It is needed because the prepare_write does not try to bring the page
uptodate if it is a full page write. (I was considering another patch
to just remove that completely, as it might be overkill for something
like sysfs, but it demonstrates the principle quite nicely).

>
> > @@ -2317,17 +2320,6 @@ int nobh_prepare_write(struct page *page
> >
> > if (is_mapped_to_disk)
> > SetPageMappedToDisk(page);
> > - SetPageUptodate(page);
> > -
> > - /*
> > - * Setting the page dirty here isn't necessary for the prepare_write
> > - * function - commit_write will do that. But if/when this function is
> > - * used within the pagefault handler to ensure that all mmapped pages
> > - * have backing space in the filesystem, we will need to dirty the page
> > - * if its contents were altered.
> > - */
> > - if (dirtied_it)
> > - set_page_dirty(page);
> >
> > return 0;
>
> Local variable `dirtied_it' can go away now.
>
> Or can it? We've modified the page's contents. If the copy_from_user gets
> a fault and we do a zero-length ->commit_write(), nobody ends up dirtying
> the page.

But only if the page is not uptodate. Otherwise we won't modify its contents
(no need to).

> > @@ -2450,6 +2436,7 @@ int nobh_truncate_page(struct address_sp
> > memset(kaddr + offset, 0, PAGE_CACHE_SIZE - offset);
> > flush_dcache_page(page);
> > kunmap_atomic(kaddr, KM_USER0);
> > + SetPageUptodate(page);
> > set_page_dirty(page);
> > }
> > unlock_page(page);
>
> I've already forgotten why this was added. Comment, please ;)

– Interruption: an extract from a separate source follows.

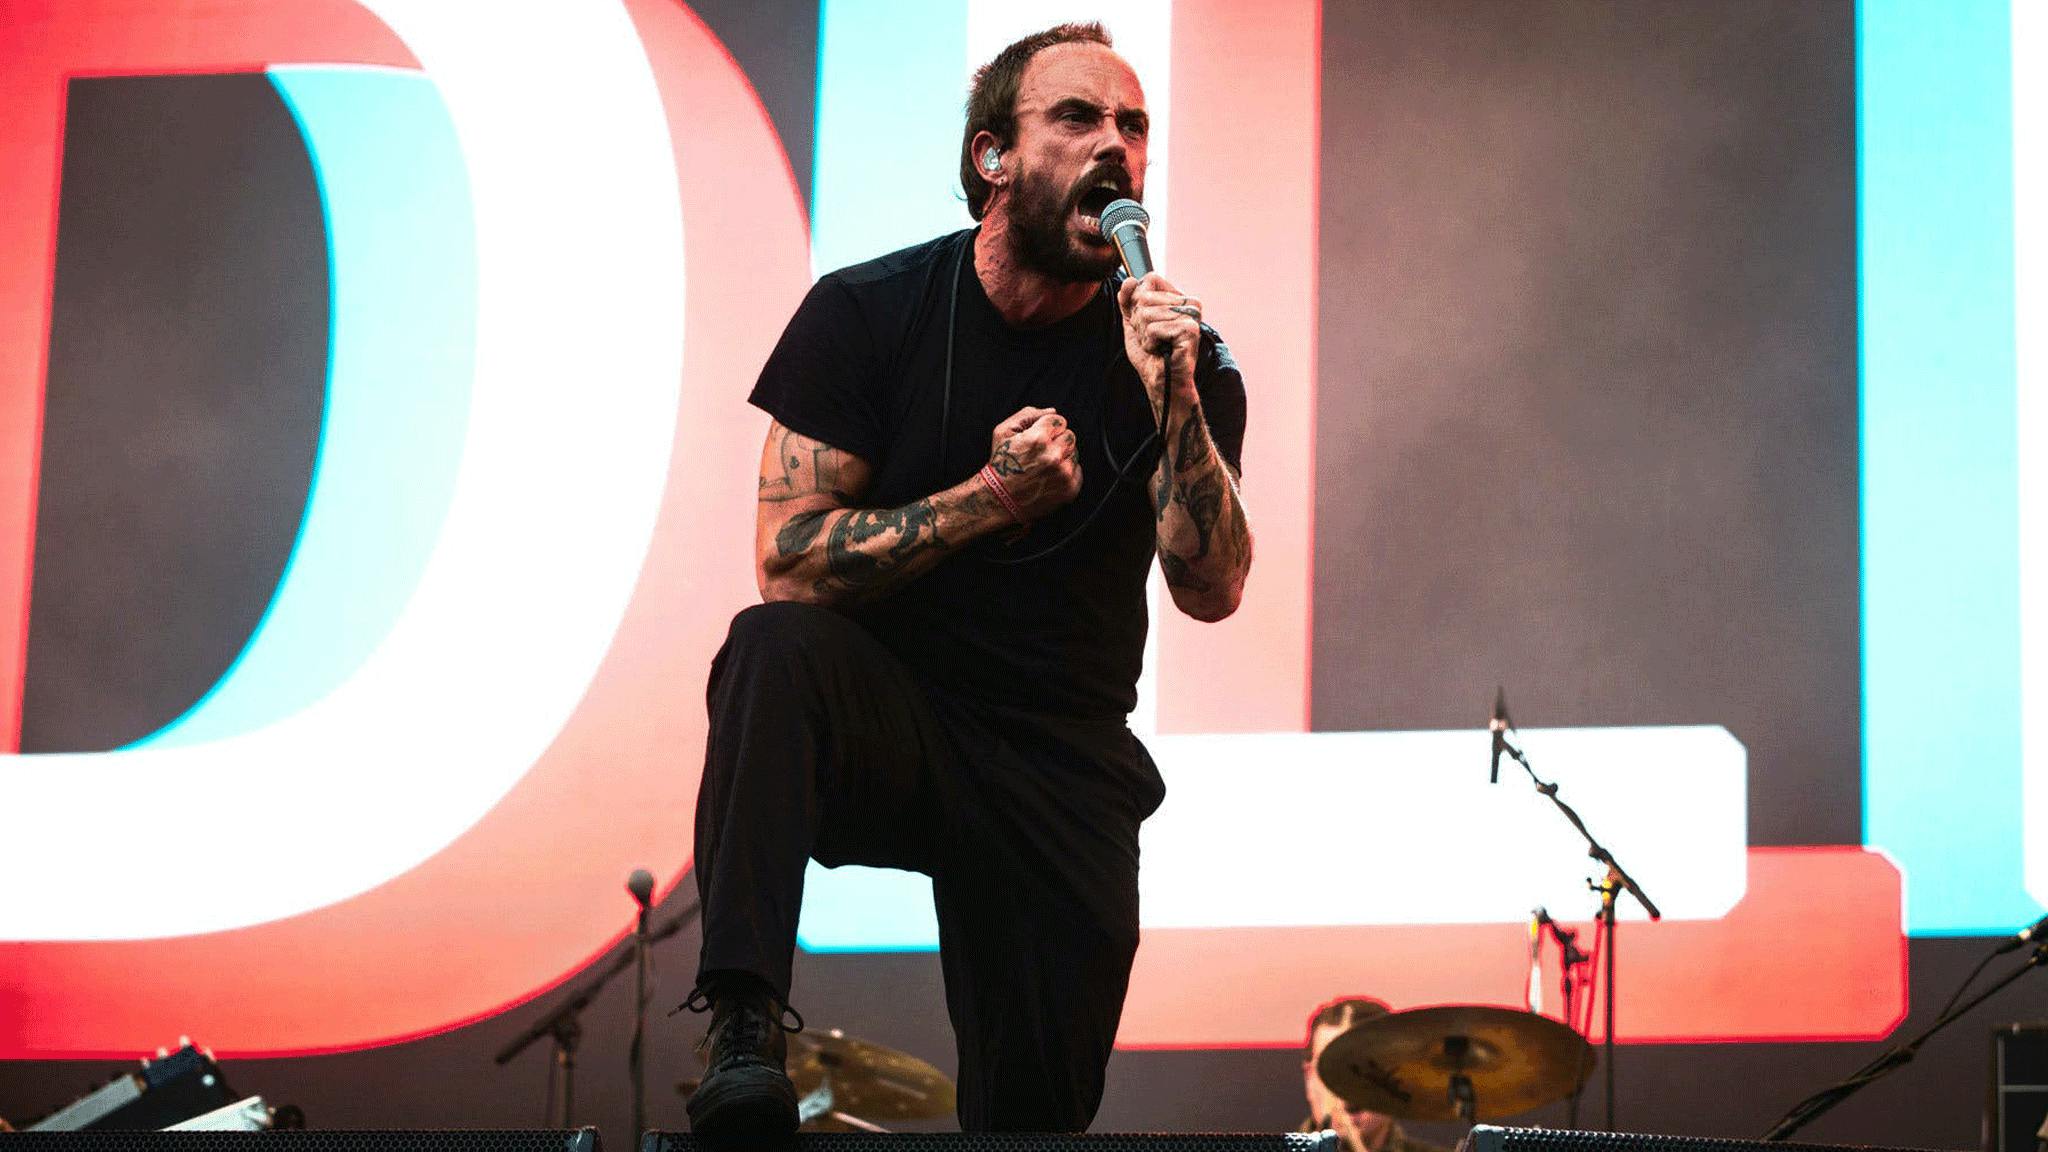 IDLES have confirmed their only UK show this summer

Well, nobh_prepare_write no longer sets it uptodate, so we need to if
we're going to set_page_dirty. OTOH, why does truncate_page need to
zero the pagecache anyway? I wonder if we couldn't delete this whole
function? (not in this patchset!)

2006-10-14 04:30:44

by Nick Piggin

[permalink] [raw]
Subject: Re: [patch 6/6] mm: fix pagecache write deadlocks

On Sat, Oct 14, 2006 at 06:19:27AM +0200, Nick Piggin wrote:
> On Fri, Oct 13, 2006 at 03:14:57PM -0700, Andrew Morton wrote:
> > On Fri, 13 Oct 2006 18:44:52 +0200 (CEST)
> > Nick Piggin <[email protected]> wrote:
> > >
> > > - This also showed up a number of buggy prepare_write / commit_write
> > > implementations that were setting the page uptodate in the prepare_write
> > > side: bad! this allows uninitialised data to be read. Fix these.
> >
> > Well. It's non-buggy under the current protocol because the page remains
> > locked throughout. This patch would make these ->prepare_write()
> > implementations buggy.
>
> But if it becomes uptodate, then do_generic_mapping_read can read it
> without locking it (and so can filemap_nopage at present, although it
> looks like that's going to take the page lock soon).

So the simple_prepare_write bug is an uninitialised data loeak. If
you read the part of the file which is about to be written to (and thus
does not get memset()ed), you can read junk.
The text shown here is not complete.